SummarizedExperiment数据的组织形式示意图如下:
该data数据中同时包含了多种不同格式的RNA-seq数据,可以使用assayNames函数查看包含的数据名称。主要包含以下几种,依次对应index 1-6。
[1] “unstranded” “stranded_first” “stranded_second”
[4} “tpm_unstrand” “fpkm_unstrand” “fpkm_uq_unstrand”
library(SummarizedExperiment)
assayNames(data)
## [1] "unstranded" "stranded_first" "stranded_second" "tpm_unstrand"
## [5] "fpkm_unstrand" "fpkm_uq_unstrand"

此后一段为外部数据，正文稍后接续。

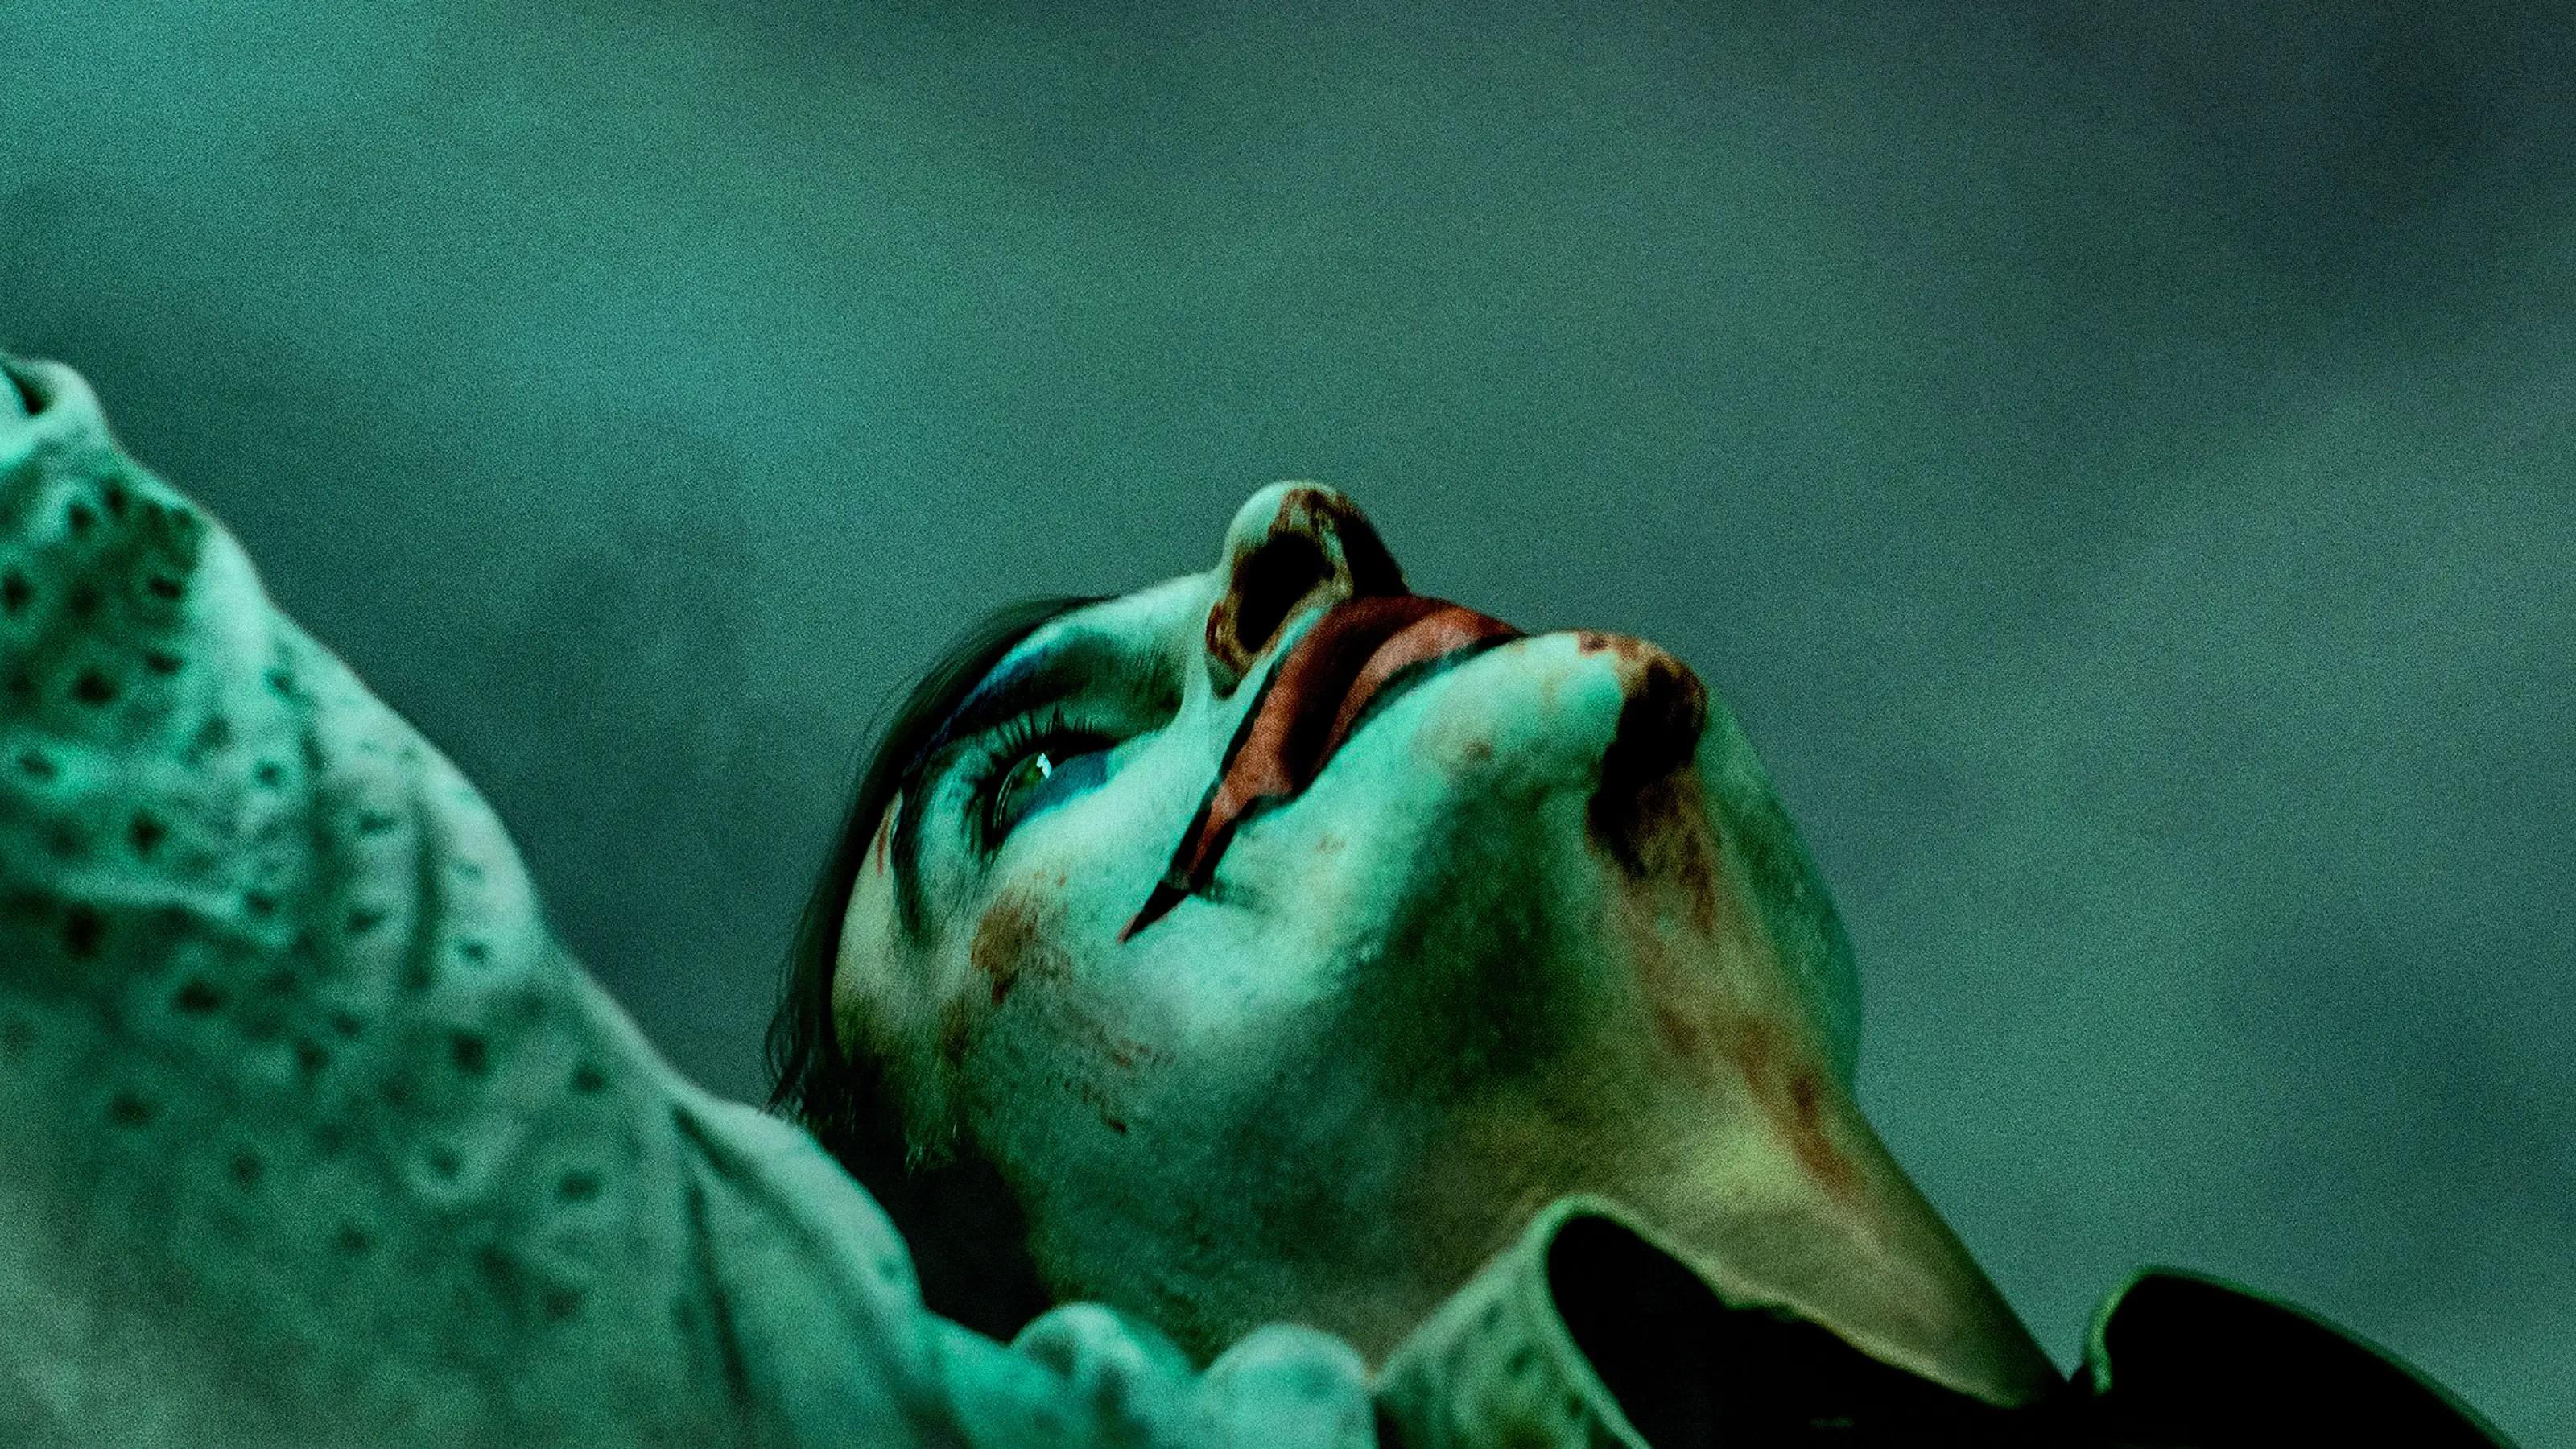 'Joker' review: Phoenix mesmerizes in this dark tale

设置不同不同的index参数,可对应提取不同格式的表达矩阵数据。
data_counts <- assay(data, i = 1)
data_counts_first <- assay(data, i = 2)
data_counts_second <- assay(data, i = 3)
data_tpm <- assay(data, i = 4)
data_fpkm <- assay(data, i = 5)
data_fpkm_uq <- assay(data, i = 6)
head(data_counts)[, 1: 2]
## TCGA-OR-A5JD-01A-11R-A29S-07 TCGA-OR-A5L5-01A-11R-A29S-07
## ENSG00000000003.15 2086 3813
## ENSG00000000005.6 2 3
## ENSG00000000419.13 2086 2909
## ENSG00000000457.14 300 476
## ENSG00000000460.17 79 135
## ENSG00000000938.13 110 374
data数据对象中还包含了基因注释信息和样本、临床信息,可分别通过rowData、colData函数提取。
rowdata <- rowData(data)
coldata <- colData(data)
2.2直接从GDC官网下载和读取TCGA RNA-seq数据
简要介绍完使用TCGAbiolinks下载和读取更新后的RNA-seq数据,接着我们介绍一下如何直接从GDC官网直接下载和在R中读取数据。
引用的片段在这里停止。